Aslında, uzun süredir böyle bir cümlenin öznesi yapabilirdi kendisini. Zira cezası bittiğinden beri sürekli üst seviye performansla yarışıyor. 2019 Dünya Şampiyonası'nda üç bireysel altın madalya kazandı, Dünya Kupası sezonunu genel klasmanda üçüncü bitirdi. 2020'de üçüncü Tour de Ski zaferini aldı ve Dünya Kupası'nı da birinci sırada tamamladı.

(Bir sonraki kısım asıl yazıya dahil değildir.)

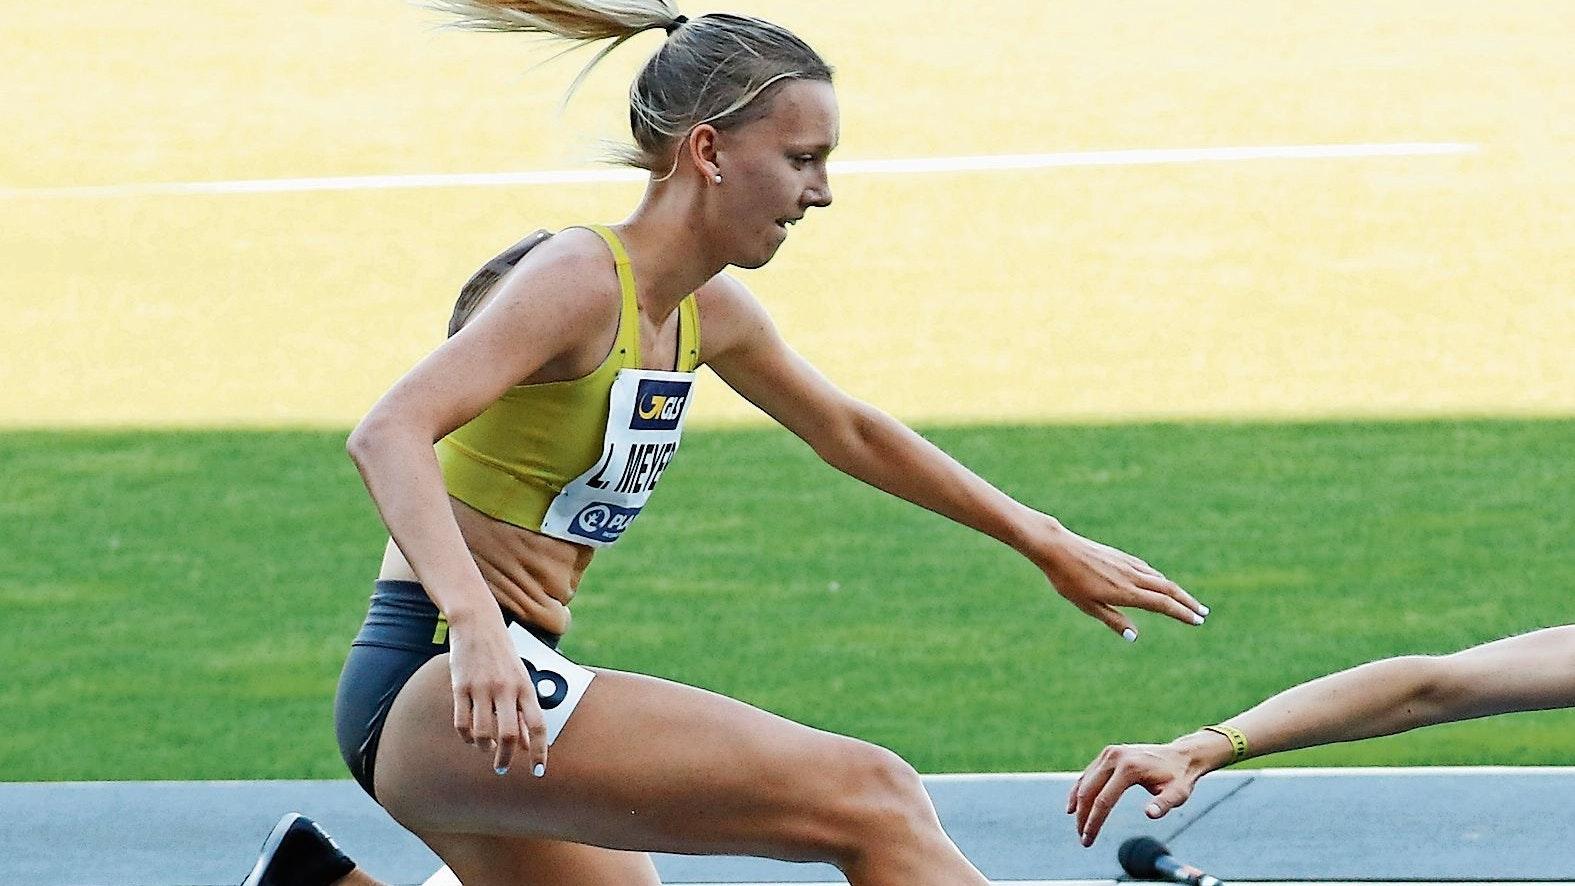 Großen Sprung gemacht: Lea Meyer, Läuferin des VfL Löningen, hat sich im Jahr 2021 über die 3000 Meter Hindernis enorm verbessert. Foto: Harald Prepens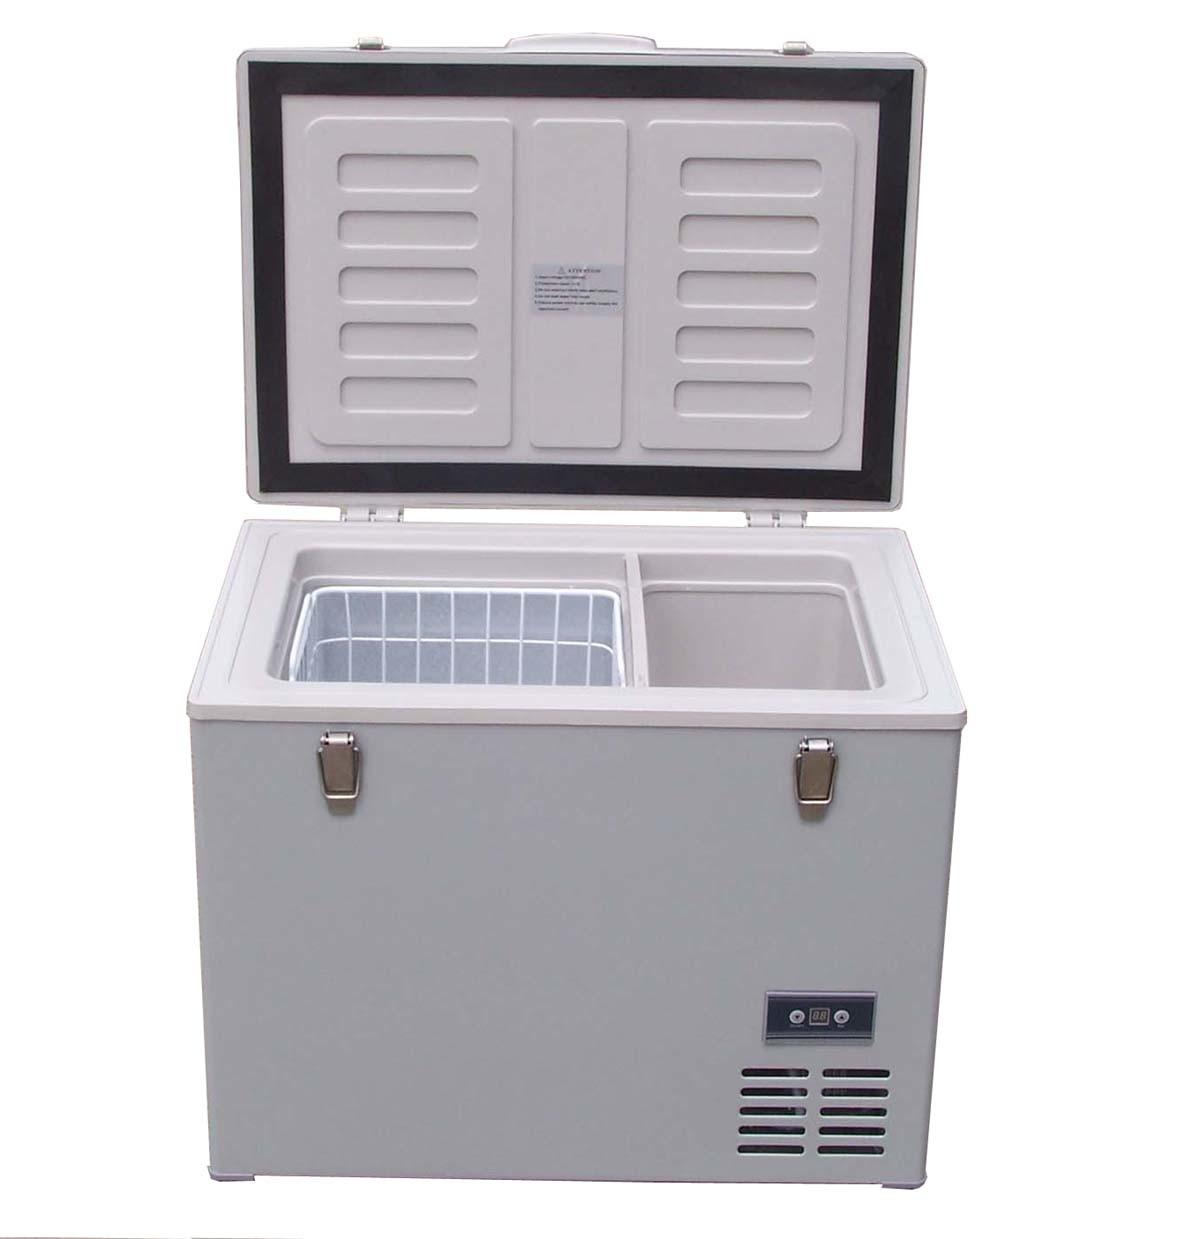 refrigerator compressor  portable compressor refrigerator or zer images

Öte yandan Johaug, bu sene kazanırken yeni rekorlar da kırdı. Artık Dünya Kupası'ndaki en çok sayıda uzun mesafe yarışı zaferine sahip sporcu o. Johaug, sözü geçen rekoru Norveçli bir başka kayaklı koşucu Marit Bjoergen'i geçerek elde etti. Kayaklı koşu tarihine baktığımızda Bjoergen'e ait ve yakalanması pek de kolay olmayan birçok istatistik mevcut. 2018'de emekli olan sporcunun 15 olimpiyat madalyası, 114 Dünya Kupası birinciliği var. Johaug ise henüz üç olimpiyat madalyası, 73 Dünya Kupası birinciliği aldı. Böyle bakınca arada çok fark var. Ancak her ikisinin de aynı ülkeden olması ve dominant kariyerler sürdürmeleri akıllara bir karşılaştırmayı getiriyor. Artık Bjoergen emekli olduğu ve Johaug da çok formda döndüğü için bu kıyas tek taraflı şekilde nasıl ilerleyecek, bilmiyoruz. Johaug, bir kış olimpiyatında daha yarışabilir. Fakat bütün bu ihtimaller, yıldız sporcu hakkında konuşmamız gereken en önemli konular değil. Her şeyin üst düzey rekabet içinde olduğu spor dünyasında, her kariyeri kendi özelinde değerlendirmek daha sağlıklı. Büyük ihtimalle Johaug da şu an yalnızca önündeki sezonlara odaklanmıştır. Çok iyi başlayan kariyeri, bir süre ilerlemesini durdurmuştu. Artık start çizgisini ikinci kez geçti ve şimdi yeniden yokuş yukarı çıkma zamanı.